Соколов скептически усмехнулся, а Вощинин, с интересом слушавший коллег, приказал:
— Сегодня же произвести обыск у Евдокии. Не забудьте про посудный шкаф, упомянутый в анонимном письме.
Тайник
Было около одиннадцати вечера, когда сыщики на двух пролетках подкатили к дому на Кирочной.
— Жеребцов, встань под окно Евдокии. Если захочет спрыгнуть со второго этажа, примешь девицу в свои нежные объятия, — приказал Соколов.
Дворник Максимов постучал в дверь:
— Эй, Евдокия, открой! Тебе с почты телеграмму принесли…

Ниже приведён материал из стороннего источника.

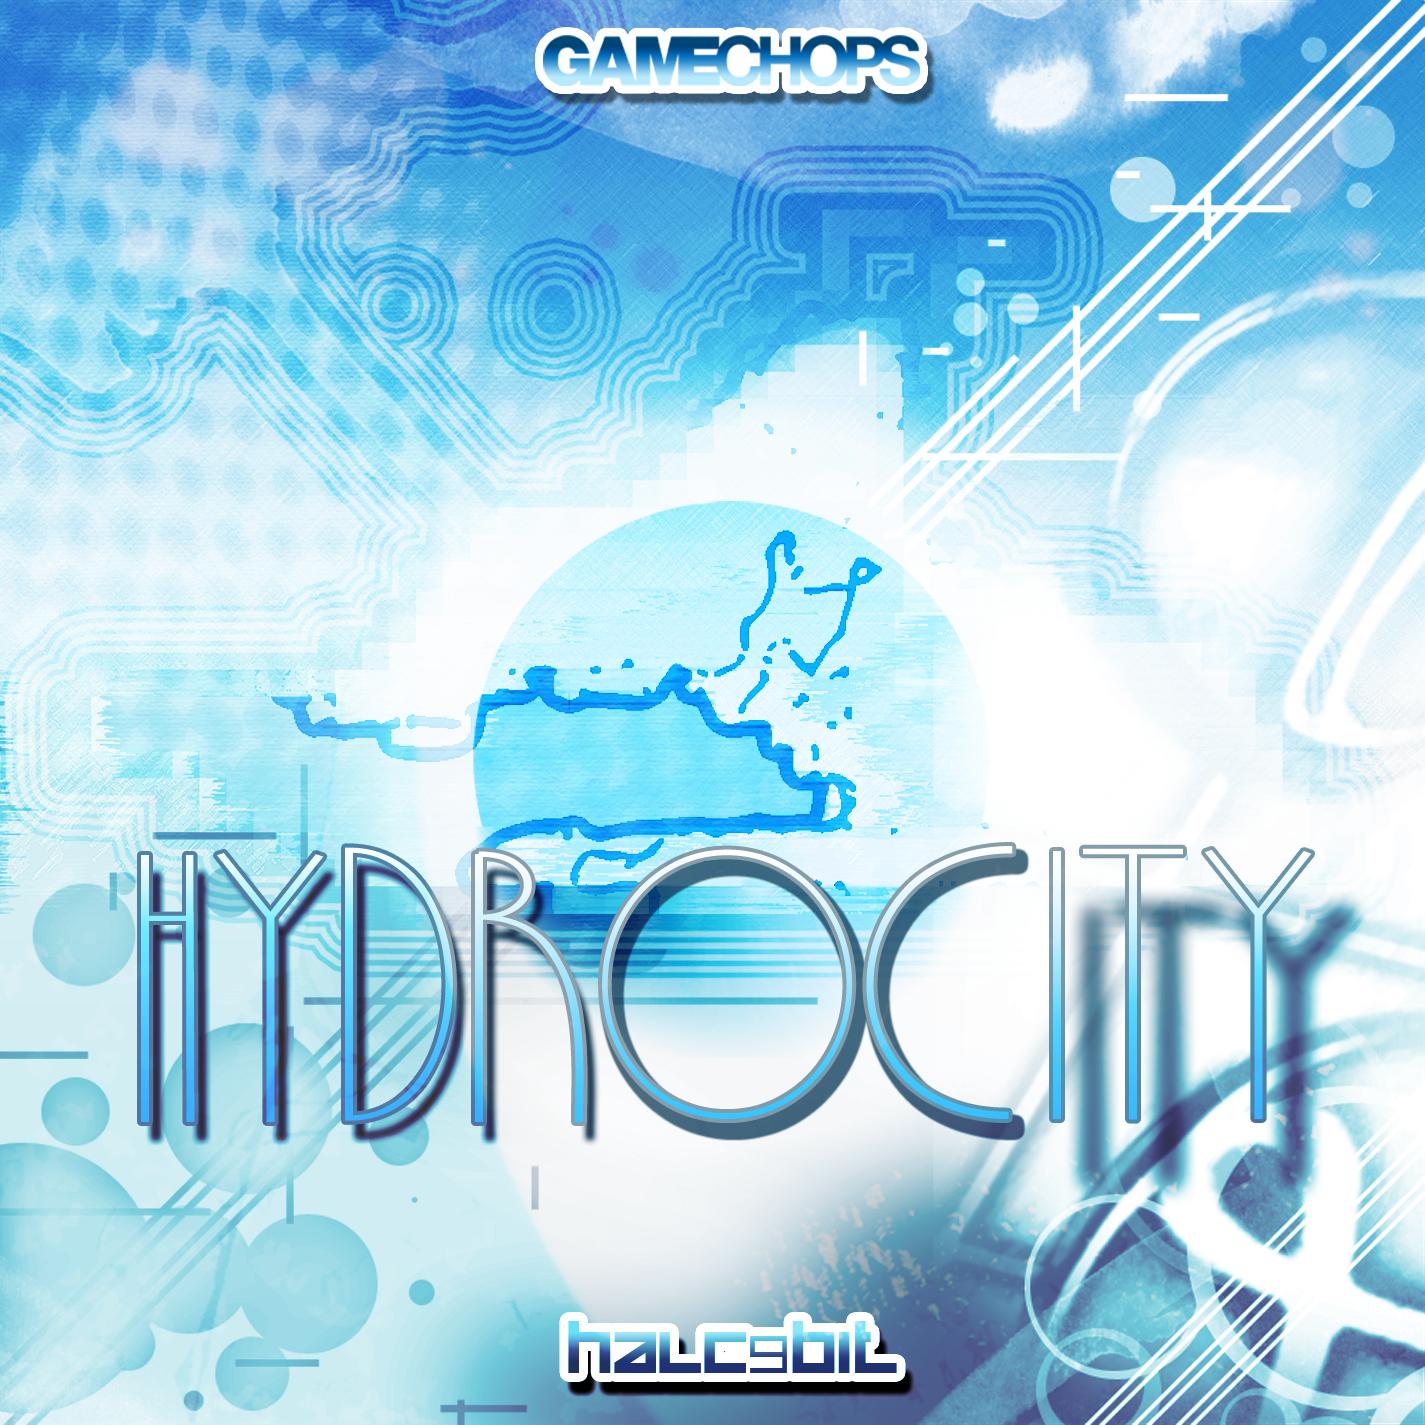 halc – Hydrocity

За дверями послышался голос:
— Подождите, дядя Максимов, сейчас свечу зажгу!
Дверь приоткрылась. Девица, одетая лишь в ночную рубаху, увидав полицейских, вскрикнула и моментально захлопнула двери, щелкнув задвижкой.
— Павлова, не дурите! — металлическим голосом сказал Соколов.
За дверями послышался торопливый стук пяток, потом — скрип открываемого окна. Соколов налег плечом на дверь, и она грохнулась вовнутрь.